Il ressort des termes de l’arrêté attaqué que le préfet du Haut-Rhin, pour interdire à M. A... d’acquérir ou de détenir des armes de toute catégorie, s’est fondé sur le 1° de l’article L. 312-3 du code de la sécurité intérieure, en retenant que le bulletin n°2 du casier judiciaire de l’intéressé comportait une condamnation pénale du 24 juin 2015 pour des faits de viol. Le bulletin n°2 du casier judiciaire de M. A... fait, à ce titre, apparaître qu’il a été condamné le 24 juin 2015 par la cour d’assises d’appel du Bas-Rhin pour des faits de viol, infraction prévue aux articles 222-23 et suivants du code pénal et mentionnée à l’article L. 312-3 du code de la sécurité intérieure. M. A... ne saurait, en tout état de cause, se prévaloir de ce qu’il pourrait bénéficier d’une réhabilitation de plein droit en 2025, soit postérieurement à la décision attaquée. Dès lors, le préfet du Haut-Rhin était tenu, ainsi qu’il le soutient, en application des dispositions précitées du 1° de l’article L. 312-3, et des articles L. 312-16 et R. 312-67 du code de la sécurité intérieure, de prendre à l’encontre de M. A..., une interdiction d’acquisition et de détention d’armes de catégorie A, B et C et de dessaisissement de ses armes ainsi que de procéder à son inscription au fichier national des interdits d’acquisition et de détention d’armes et de retirer la validation de son permis de chasser. Compte tenu de la situation de compétence liée dans laquelle se trouvait le préfet, les moyens soulevés par le requérant à l’encontre de l’arrêté attaqué, qui n’ont pas pour objet de remettre en cause cette compétence liée, sont inopérants.

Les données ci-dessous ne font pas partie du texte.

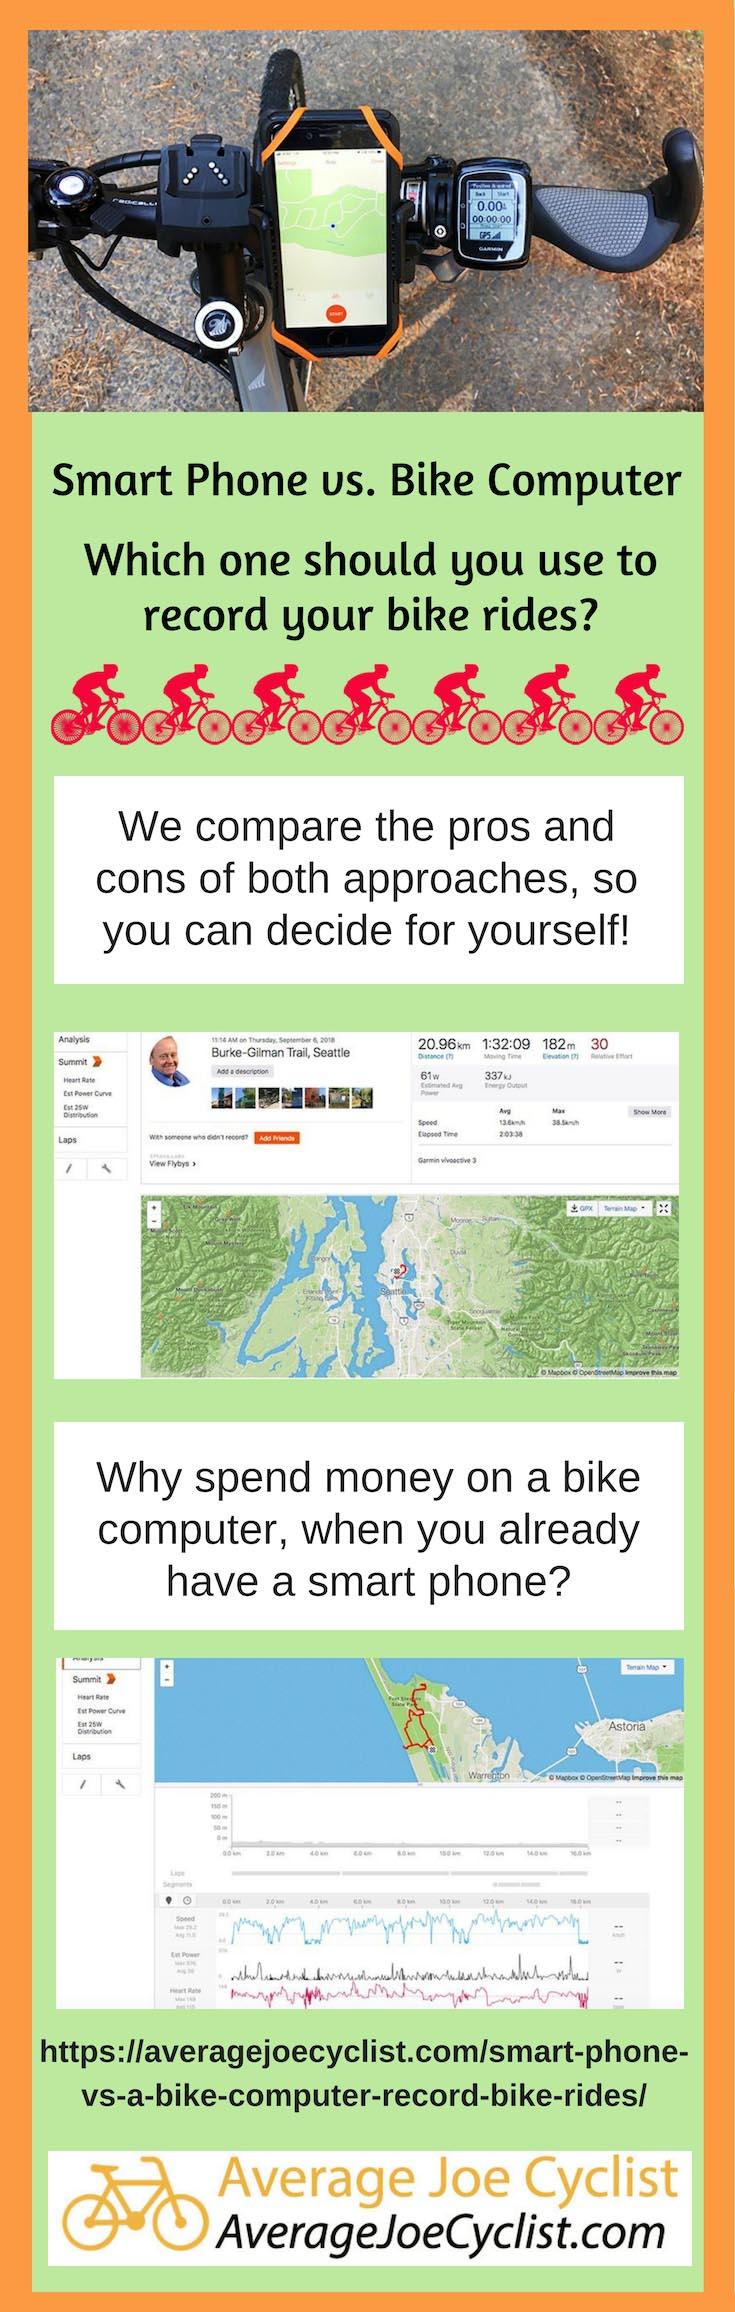 Smart Phone vs a Bike Computer for Recording Bike Rides

Il résulte de tout ce qui précède que les conclusions à fin d’annulation de la requête de M. A... doivent être rejetées, ainsi que, par voie de conséquence, celles présentées sur le fondement des dispositions de l’article L. 761-1 du code de justice administrative.


D É C I D E :


Article 1er : La requête de M. A... est rejetée.

Article 2 : Le présent jugement sera notifié à M. B... A... et au préfet du Haut-Rhin. Copie en sera adressée au ministre de l’intérieur.

Délibéré après l’audience du 2 décembre 2025, à laquelle siégeaient :

- M. Carrier, président,
- Mme Bronnenkant, première conseillère,
- Mme Muller, première conseillère.

Rendu public par mise à disposition au greffe le 13 janvier 2026.


La rapporteure,





P. MULLERLe président,





C. CARRIER
Le greffier,





P. SOUHAIT

La République mande et ordonne au préfet du Haut-Rhin en ce qui le concerne ou à tous commissaires de justice à ce requis en ce qui concerne les voies de droit commun contre les parties privées, de pourvoir à l'exécution de la présente décision.